### What needs to be done
Quote the data below in full, minus the images.

### Data below
● ● ● ● ●

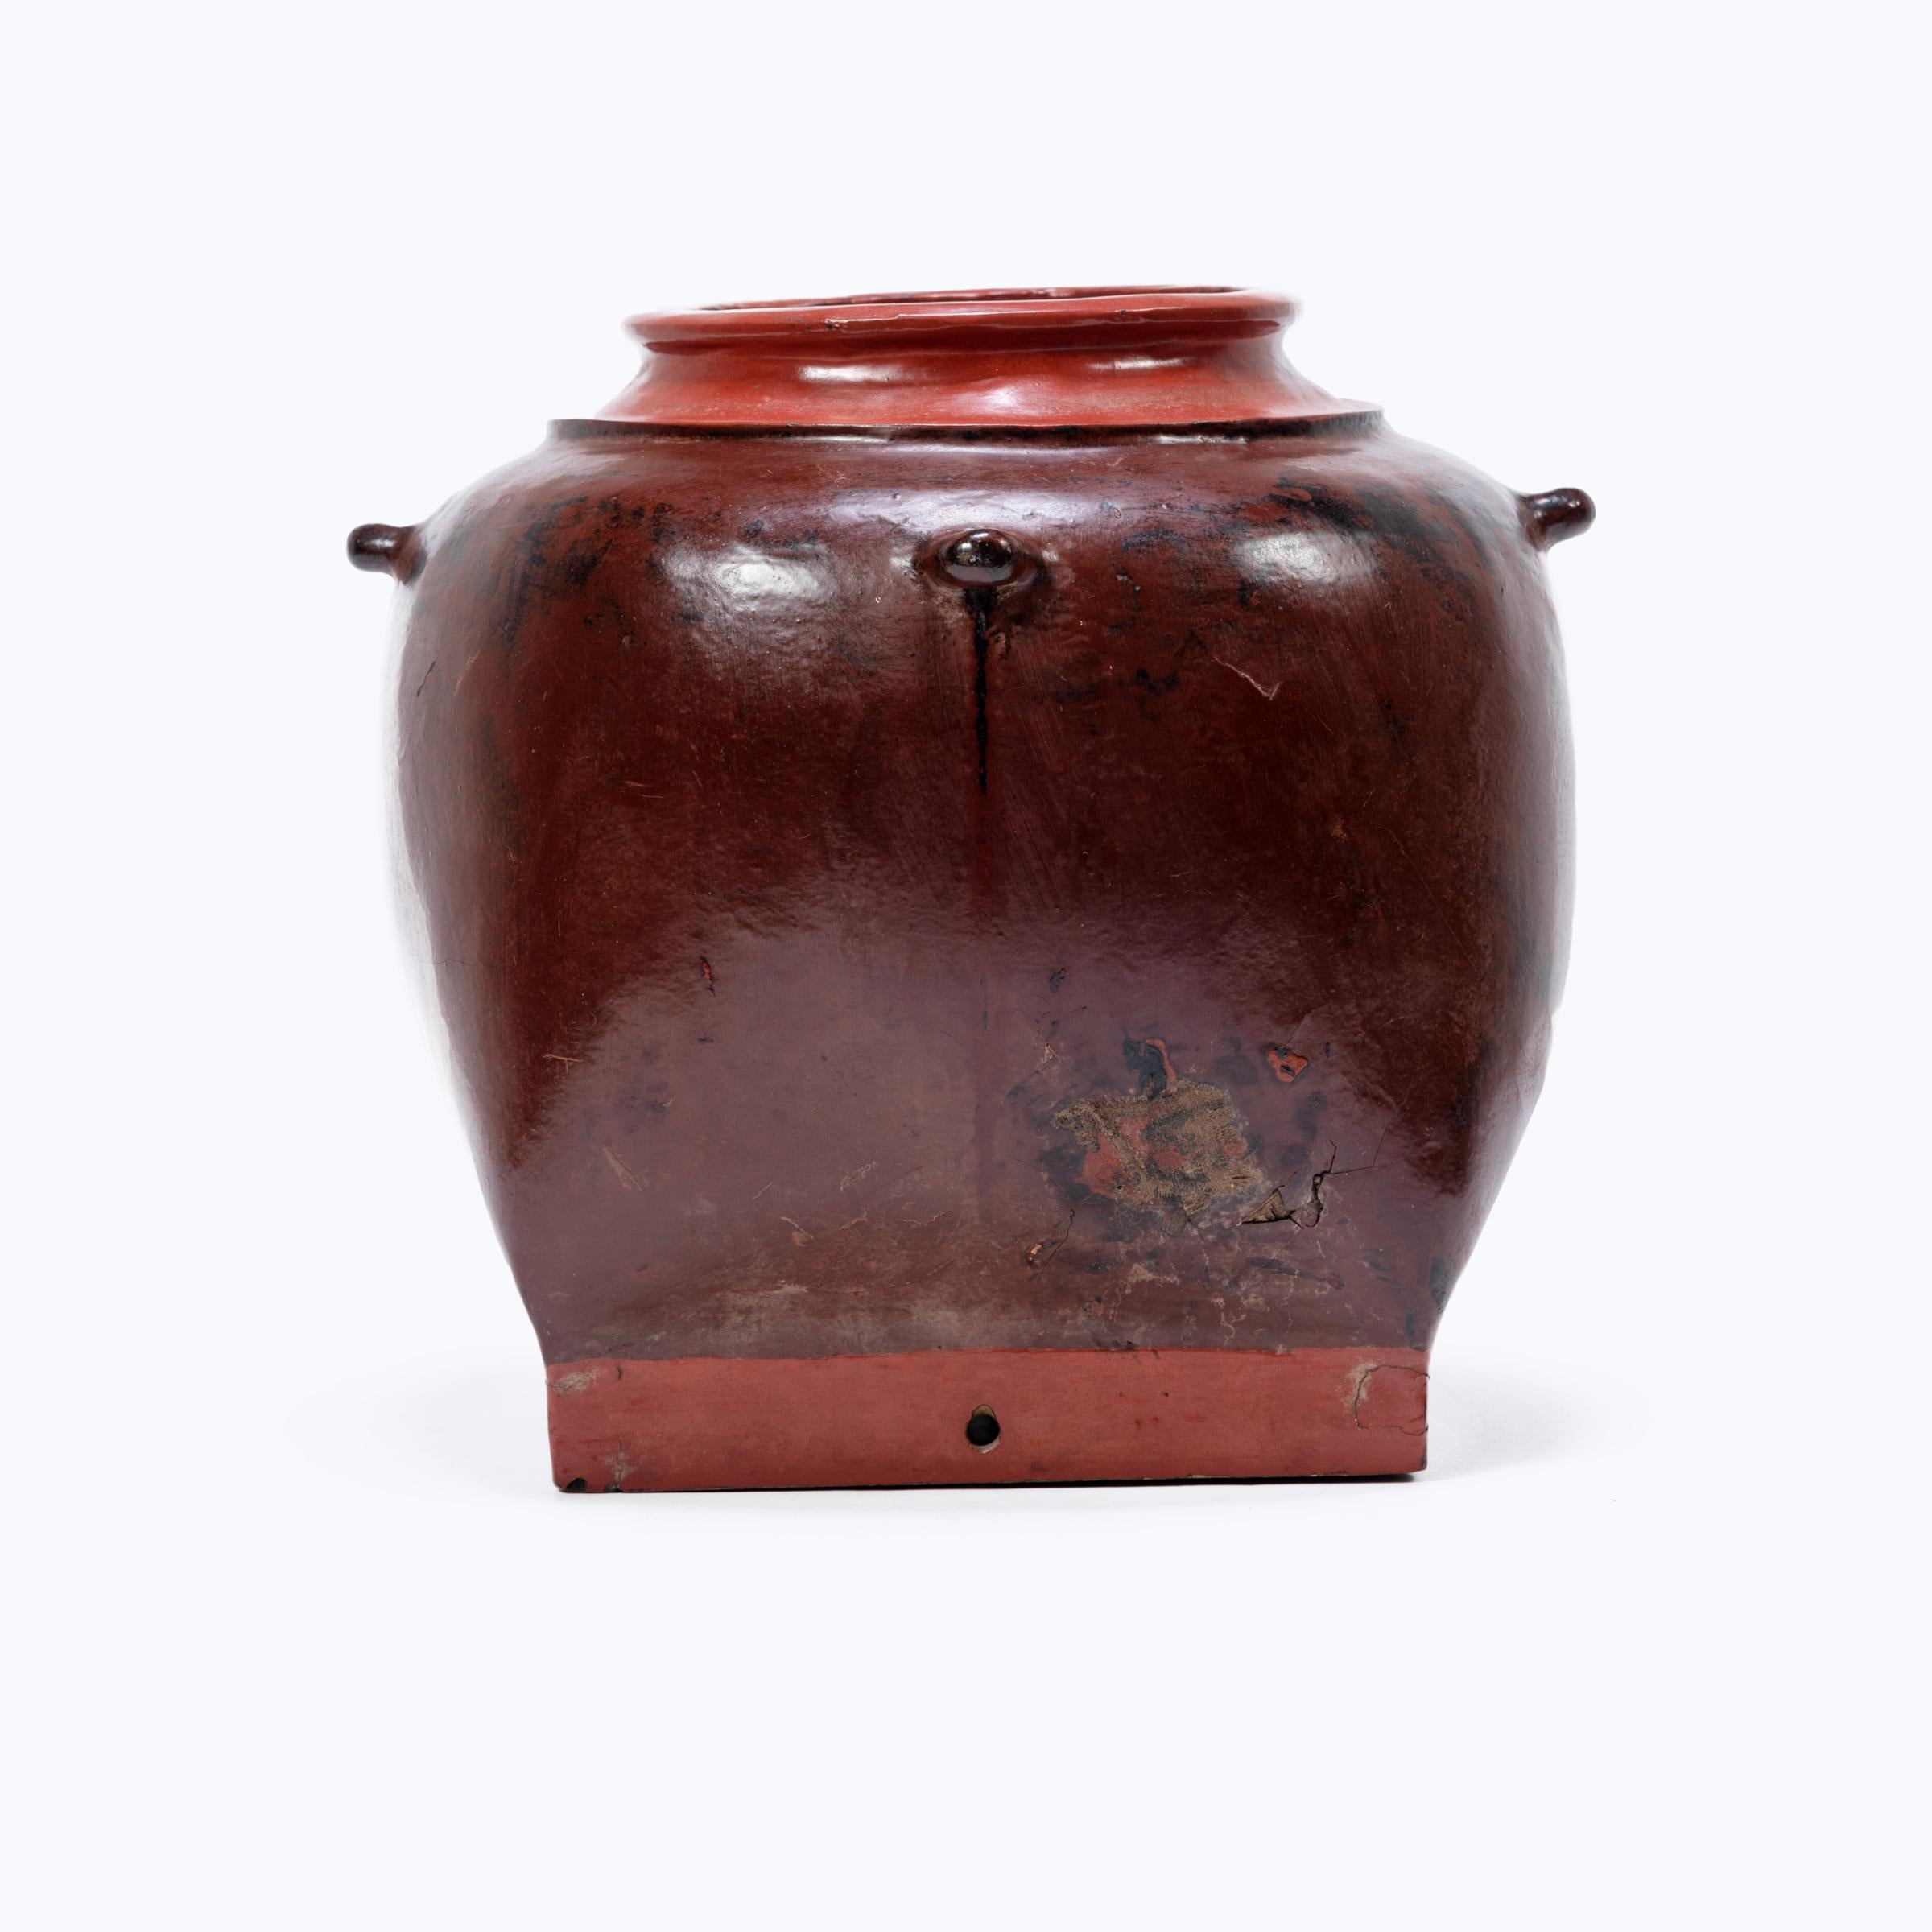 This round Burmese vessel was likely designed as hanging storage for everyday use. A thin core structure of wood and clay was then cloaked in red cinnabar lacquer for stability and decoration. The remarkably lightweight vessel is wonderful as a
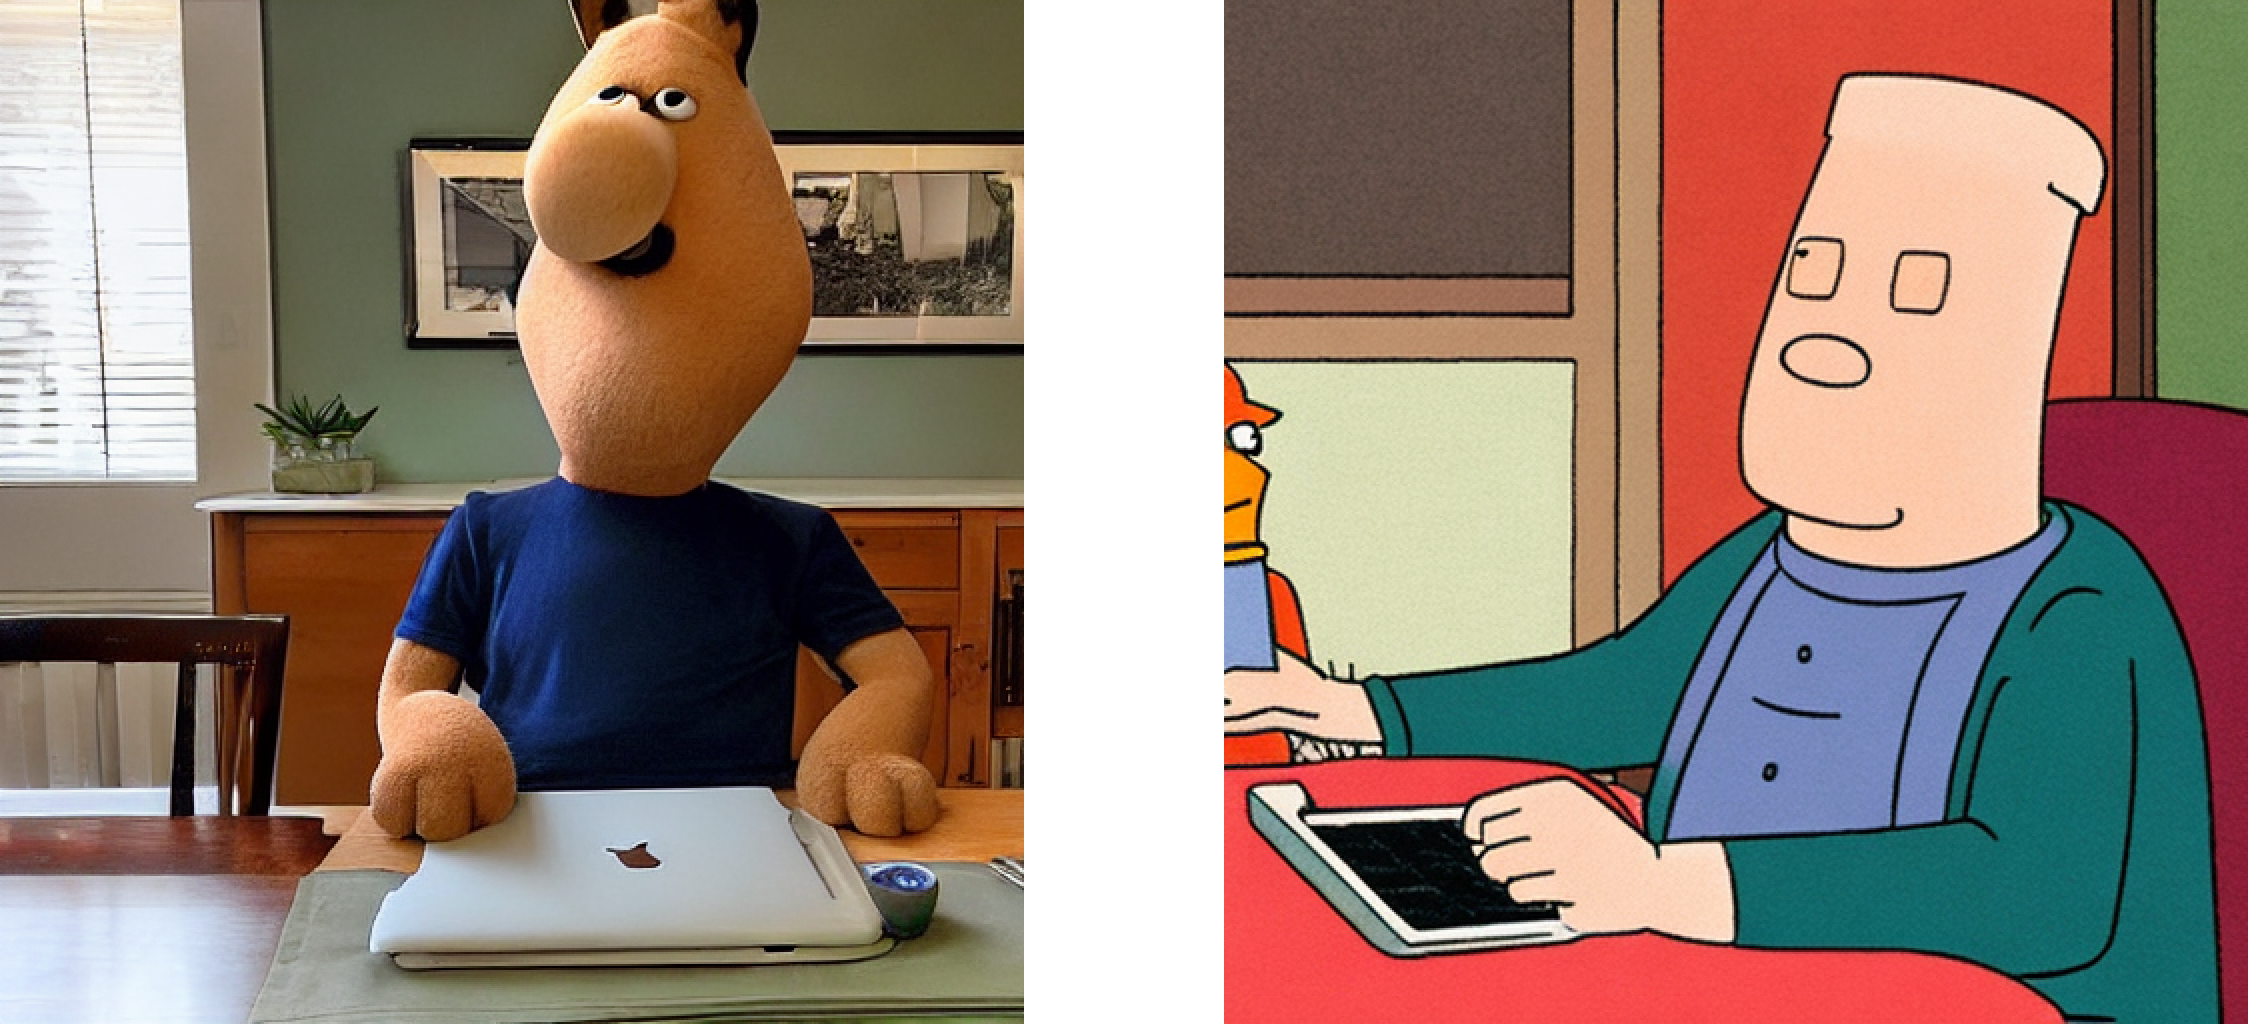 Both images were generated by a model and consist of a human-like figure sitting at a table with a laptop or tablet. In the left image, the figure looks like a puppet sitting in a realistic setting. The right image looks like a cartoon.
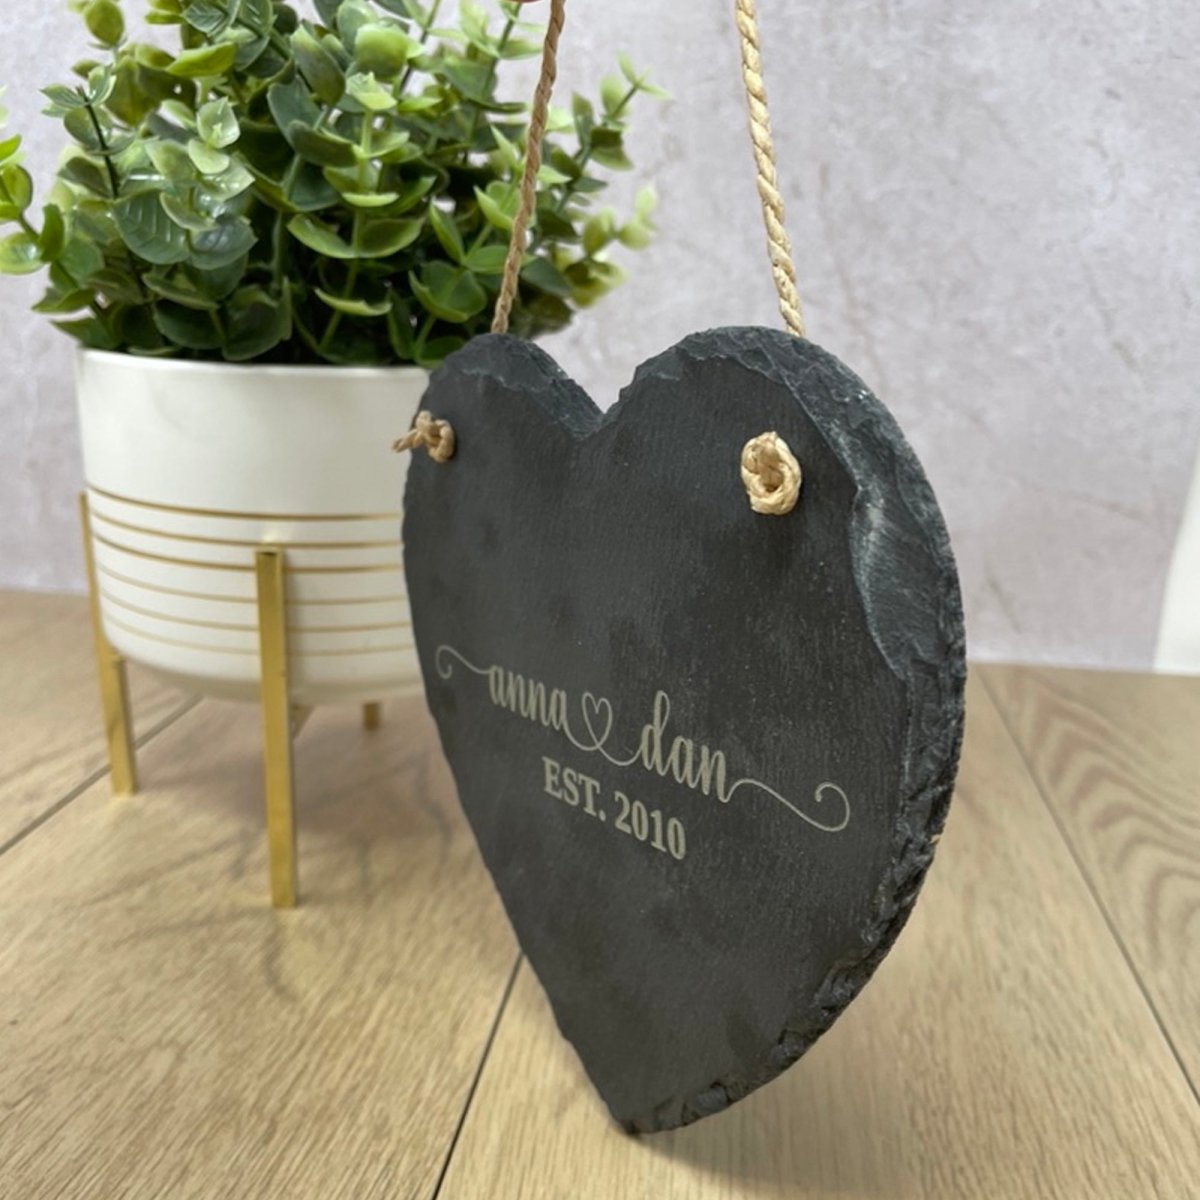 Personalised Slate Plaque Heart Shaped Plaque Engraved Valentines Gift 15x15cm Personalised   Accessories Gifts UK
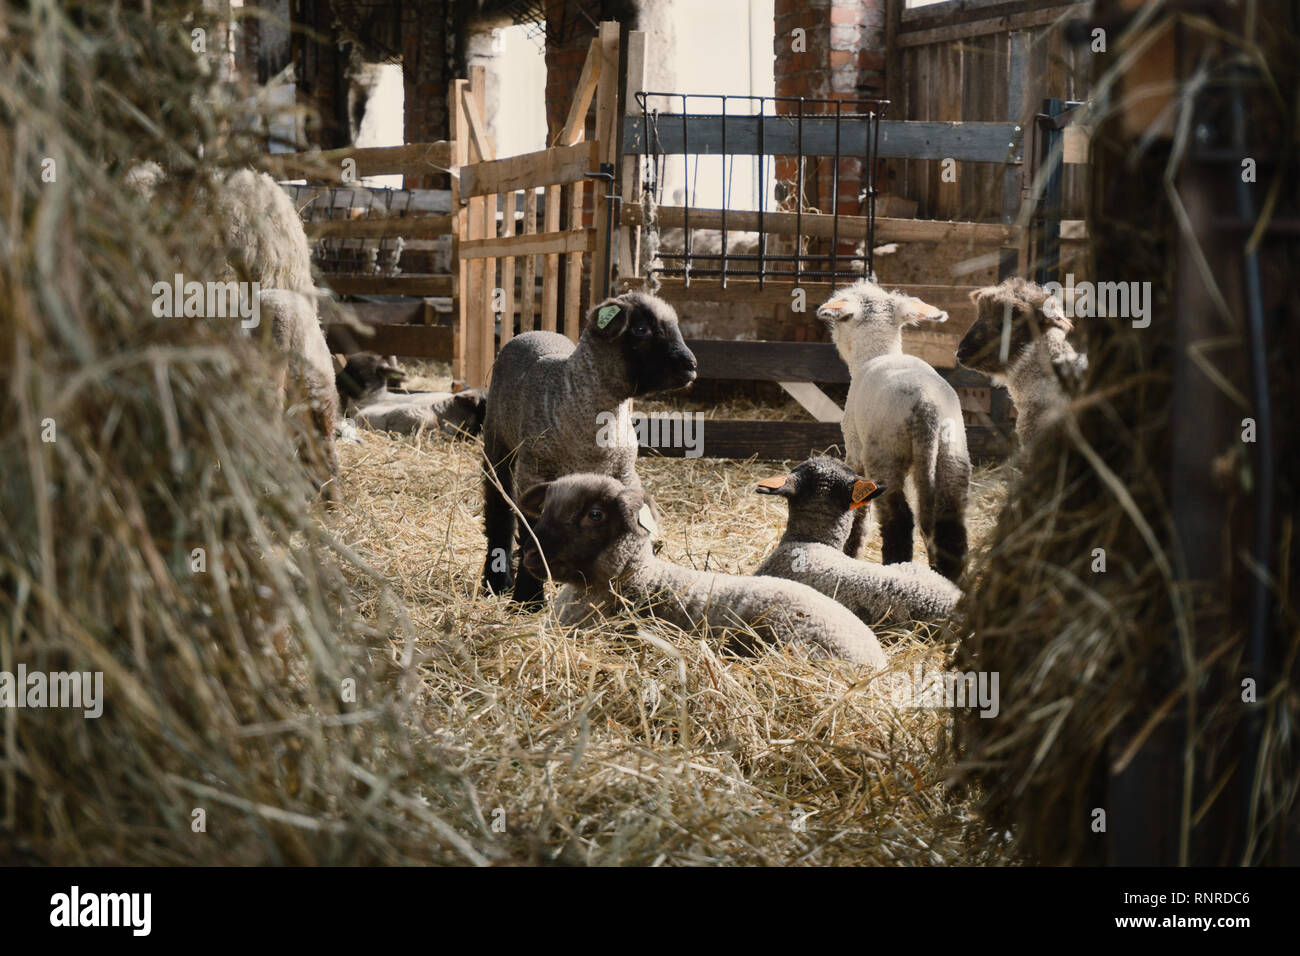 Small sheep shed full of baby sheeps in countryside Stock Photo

● ● ● ● ●

### Result
 This round Burmese vessel was likely designed as hanging storage for everyday use. A thin core structure of wood and clay was then cloaked in red cinnabar lacquer for stability and decoration. The remarkably lightweight vessel is wonderful as a
 Both images were generated by a model and consist of a human-like figure sitting at a table with a laptop or tablet. In the left image, the figure looks like a puppet sitting in a realistic setting. The right image looks like a cartoon.
 Personalised Slate Plaque Heart Shaped Plaque Engraved Valentines Gift 15x15cm Personalised   Accessories Gifts UK
 Small sheep shed full of baby sheeps in countryside Stock Photo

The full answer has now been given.